The ratio of government spending to GDP should stabilize or even drop somewhat in coming years because of the restraints that governments will adopt to rebalance their budgets. This spending will therefore not contribute to an increased GDP as much as in recent years.

Investments

The ratio of investment to GDP dropped from 21.6% in 1989 to 16.8% in 1995 and then rebounded, reaching 21.9% in 2011, after a momentary drop to 20.4% due the recession in 2009. These changes are largely due to fluctuations in the level of economic activity and in interest rates.

During a recession, companies naturally hesitate to expand their production capacity, given the very sluggish demand. Conversely, when growth in economic activity is strong, they are encouraged to invest to meet the expanding demand. Moreover, high interest rates make investments much more expensive and difficult to finance, whereas lower interest rates make them more affordable.

Hence investments declined significantly in the early '90s, when growth in economic activity was slow and the fight against inflation took interest rates to high levels. With the strong recovery in economic activity and the drop in interest rates, investments increased very rapidly from 1995 to 1999 (annual average 8%).
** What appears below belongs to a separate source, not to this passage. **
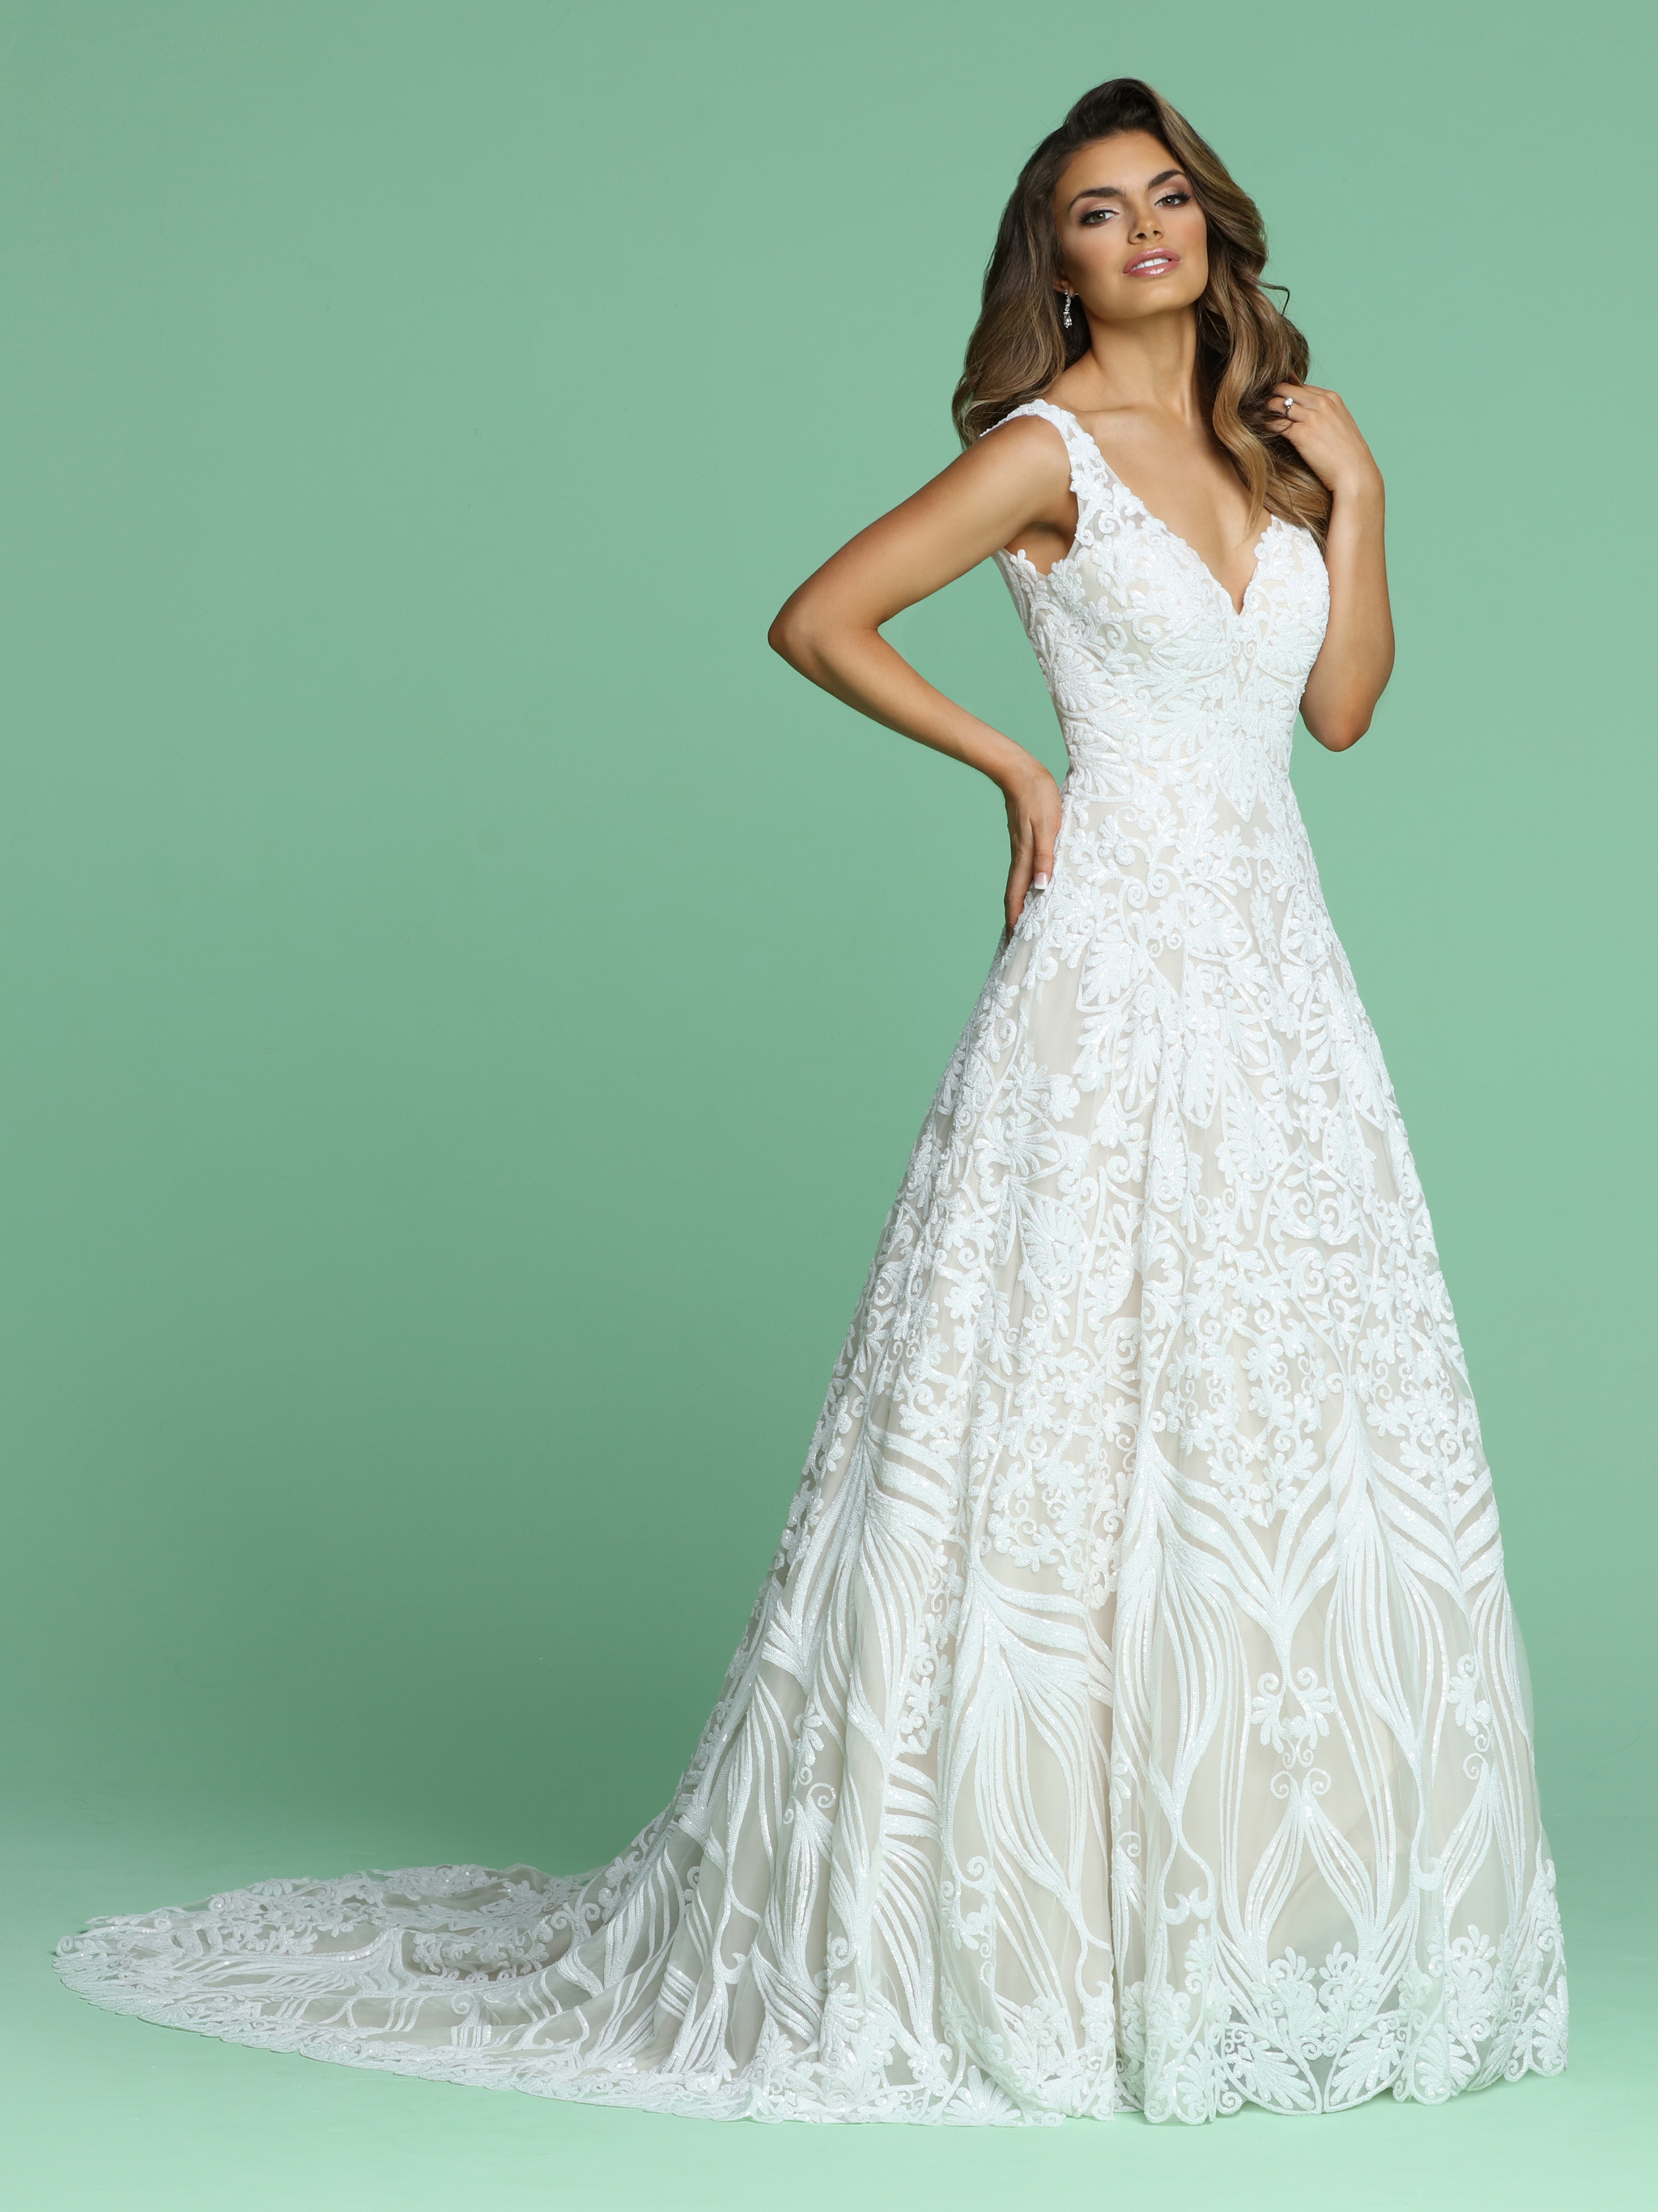 How to Choose Wedding Dress Styles for Different Body Types

The significant decrease in the value of investments in 2001 can be explained by caution on the part of businesses given overinvestment in previous years, especially in new technologies. Despite a pause in 2006, the value of investments saw an annual increase three times greater than that of the GDP between 2001 and 2008 (7% annually, as opposed to 2%). Depending on the year, that growth took the form of various types of investments (residential construction, non-residential construction, and machinery and equipment). That said, in the end, all these investment types saw a high level of growth, both in the business sector and in the public sector.

While government investment rose sharply in 2009 because of recovery plans, especially in the area of infrastructure, business investment, made cautious by recession despite low interest rates, dropped even more sharply, especially in the areas of machinery, equipment and inventories. In 2010 and 2011, government infrastructure investments continued to rise and private investments in residential and non-residential construction rebounded, ultimately enabling the investments to achieve a share of the GDP which is the highest in over 20 years.
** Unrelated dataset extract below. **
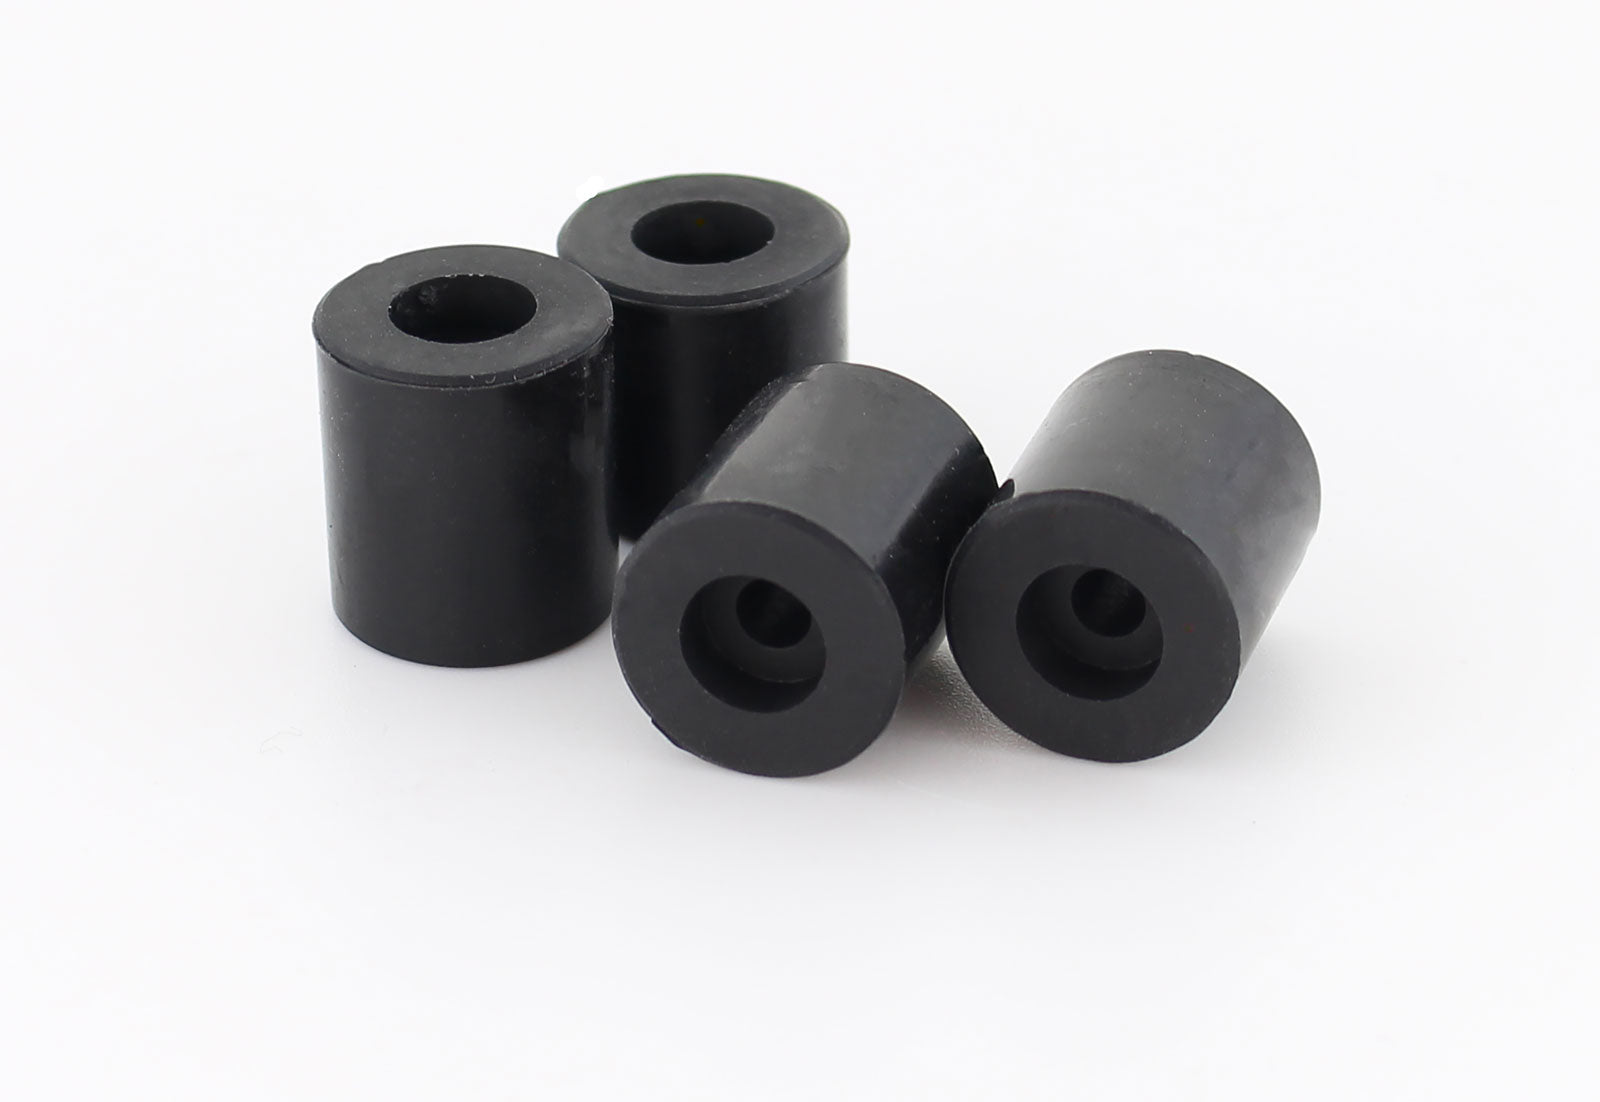 Silicon Heatbed Leveling Spacer Pack (4 pcs)

Over the next few years, the value of investments should continue to grow. Despite the end of recovery plans, government infrastructure investments should continue given the significant needs in this area. Private investments should also rise, but this is largely due to machinery and equipment needs. From 2009 to 2011, the ratio of such investments to GDP was the lowest it has been in the last 20 years. Investments in machinery and equipment become increasingly important when the value of the dollar is high and when the potential for growth in labour supply is less significant, two factors that will be present in the coming years.

B) Other Factors

Other factors also influence the evolution of employment. The outlooks for the occupations provide a more in-depth analysis of their specific impact on the various occupations. The most important are:

  • the aging of the population
  • technological changes
  • the knowledge and information economy
  • work organization methods
Aging of the Population

As mentioned earlier in the Labour pool section, the aging of the population has already begun to limit the possibilities for employment growth in Quebec, and will further limit it in the future. For many years now, aging has been having an effect on the number of positions in certain occupations and industries. For example, even taking into account the recent increase (22% from 2002 to 2011), the number of births still remains far below that of the early 90s (88,500 in 2011, compared with close to 100,000 in 1990) and its historic high in 1959 of 144,500. Consequently, the birth rate has had and will have a direct impact on employment in daycare centres and schools, and an indirect impact on other occupations by influencing the rate of crime, automobile accidents, alcohol consumption, etc. Other examples include:

  • health sector: population aging is one of the main causes of increased demand for medication, which in turn leads to a significant increase in the demand for pharmacists however, the impact of aging on the health professions is relatively weak at the moment compared with what we can expect to see in 10 to 15 years.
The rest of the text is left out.